I baited 4 of the snap traps with yarn and peanut butter, the 2 no touch traps with peanut butter, the glue traps with Peanut butter and crackers, and the bucket trap with peanut butter and sunflower seeds. The last 2 snap traps were baited with a tiny piece of potato slathered in peanut butter super glued to the trigger (I noticed the little bugger had nibbled on my potatoes in the pantry).

The potato trap did it! I did discover that the snap traps were not sensitive enough for some reason, so yesterday I filed the little metal arms down just a wee bit. 

As of this morning, Ninja Mouse has left the building! Good thing to, I was getting ready to drive to Tucson to pick up my brother in law's Chuck Norris cat that chases dogs off of the property.

It was an honorable battle. There were times of deep discouragement and despair. I accused my husband and son of psychological warfare games and for a while thought they were messing with the traps, so great was their amusement with battle against ninja mouse.

But, I am victorious! Thank you all for the advice and the laughs. I am better prepared for the next incarnation of ninja mouse.

Nikki


----------



## Shepherd (Jan 23, 2005)

Hooray for YOU! 

However, in the 10 years I have lived in this house, we've never had a mouse IN the house - until now! :stars: I think you jinxed me, LOL.

I heard something late one night in the kitchen and thot - one of the cats? So as I was quietly sneaking into the kitchen to see which cat was being bad, one of my cats (Sonia) passed me running toward the kitchen too... no other cats were around. I'd noticed she had been strangely hanging out in front of one of the cupboards the previous day a LOT but didn't know why. 

Anyway, she parked herself in front of the stove this time and stayed there almost all night. The next night I found her up on the counter near the stove... and she's NEVER gotten up on the countertop before (the other cats have but not her). I now know I have a problem. :Bawling: And last night my husband said he heard a mouse in the wall (opposite side of the house) and it sounded like a chewing noise. He was pounding on the wall! LOL.

NOW what!


----------



## mama2littleman (Nov 8, 2004)

Oh no Shepherd! 


I promise you, it wasn't my mouse. He's deader then dead.

I suggest the potato and peanut butter trap. Did the trick here. 

Nikki


----------



## calliemoonbeam (Aug 7, 2007)

I've been going through the same thing...only I had multiple mice! It's so weird, I didn't get any in the fall at the usual time, but this rainy spring they came in by the droves. I baited those snap traps with everything under the sun, peanut butter, cheese, bacon, jam, sunflower seeds, you name it, lol. They would get the food out EVERY time without triggering the traps! Sometimes I'd wake up in the middle of the night and see a couple of them scampering down the hall, playing with each other! 

I did manage to get rid of three of them, and you'll never guess how...they somehow got up into my washing machine, and I found them dead in the tub, eeeeuuuwwww!! This was one at a time, not all at the same time, about one a week or so. What is it about the washing machine? 

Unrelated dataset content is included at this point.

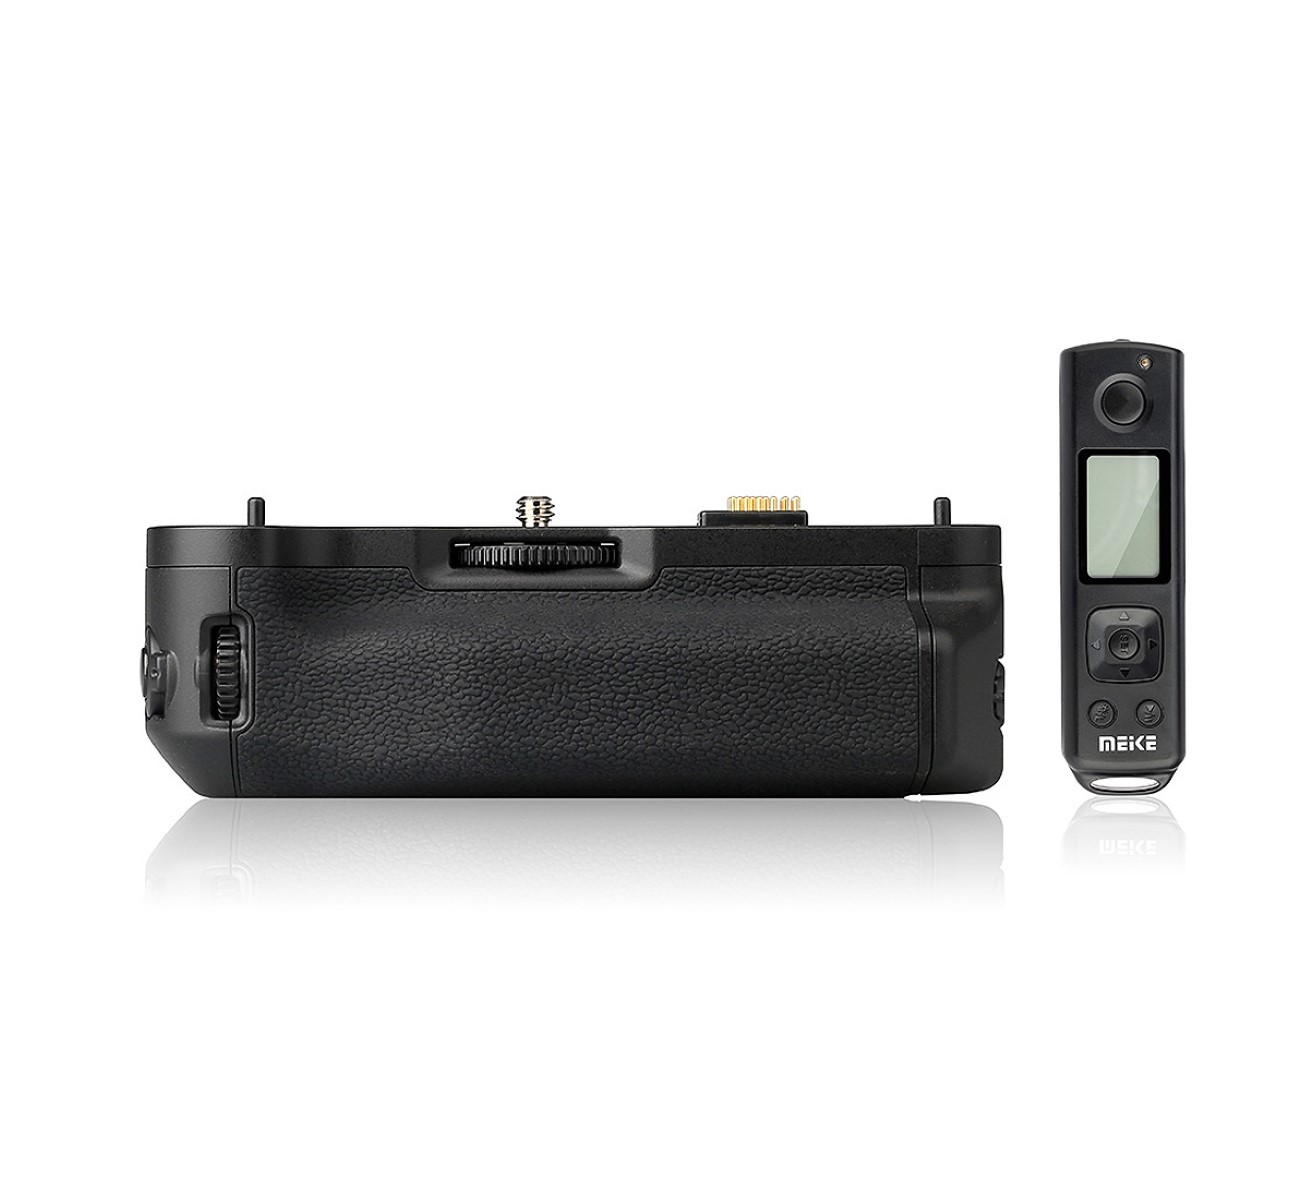 MEIKE Batteriegriff Fujifilm X-T1 Funk-Timer-Fernauslöser, mit mit Funk-Timer-Fernauslöser ähnlich Batteriegriff VG-XT1, Black

Anyway, I knew I still had at least one, and I was planning to cave and buy some sticky traps next time I go out. But this morning I discovered in one of the snap traps.........a single leg!!  It looks like it's the whole leg clear up to the hip joint (do mice have hips??), lol. I don't know if it tore off or if it chewed it off to get out of the trap or what. 

So now I have this picture in my head of this poor little mouse dragging itself around without a leg, and I actually feel sorry for the poor little thing! But I've searched high and low and haven't found it. I feel like the Marquise de Sade or something! 

I was already wondering if I could manage to "dispose" of them once they got caught on the sticky traps. I did that once and the mouse had gotten two feet and his tail stuck. When I went to check on it (because I could hear it screaming from two rooms away!) it saw me and freaked out so bad it actually pulled so hard it tore a piece of it's tail off...but then slammed it's face down onto the sticky part! Luckily, a friend was there, and he took it outside and put the poor thing out of its misery. I want them gone, but I don't want to slowly torture them to death, for pete's sake!


----------



## Bearfootfarm (Jul 13, 2006)

> But, I am victorious!


If this were a "B" rated horror story, there would be a mouse peering out from under the stove as youre typing this, with an evil grin on his face and peanut butter in his whiskers


----------



## TexasArtist (May 4, 2003)

Hey now that the mouse is done mocking you ..... can we start???:bash:


----------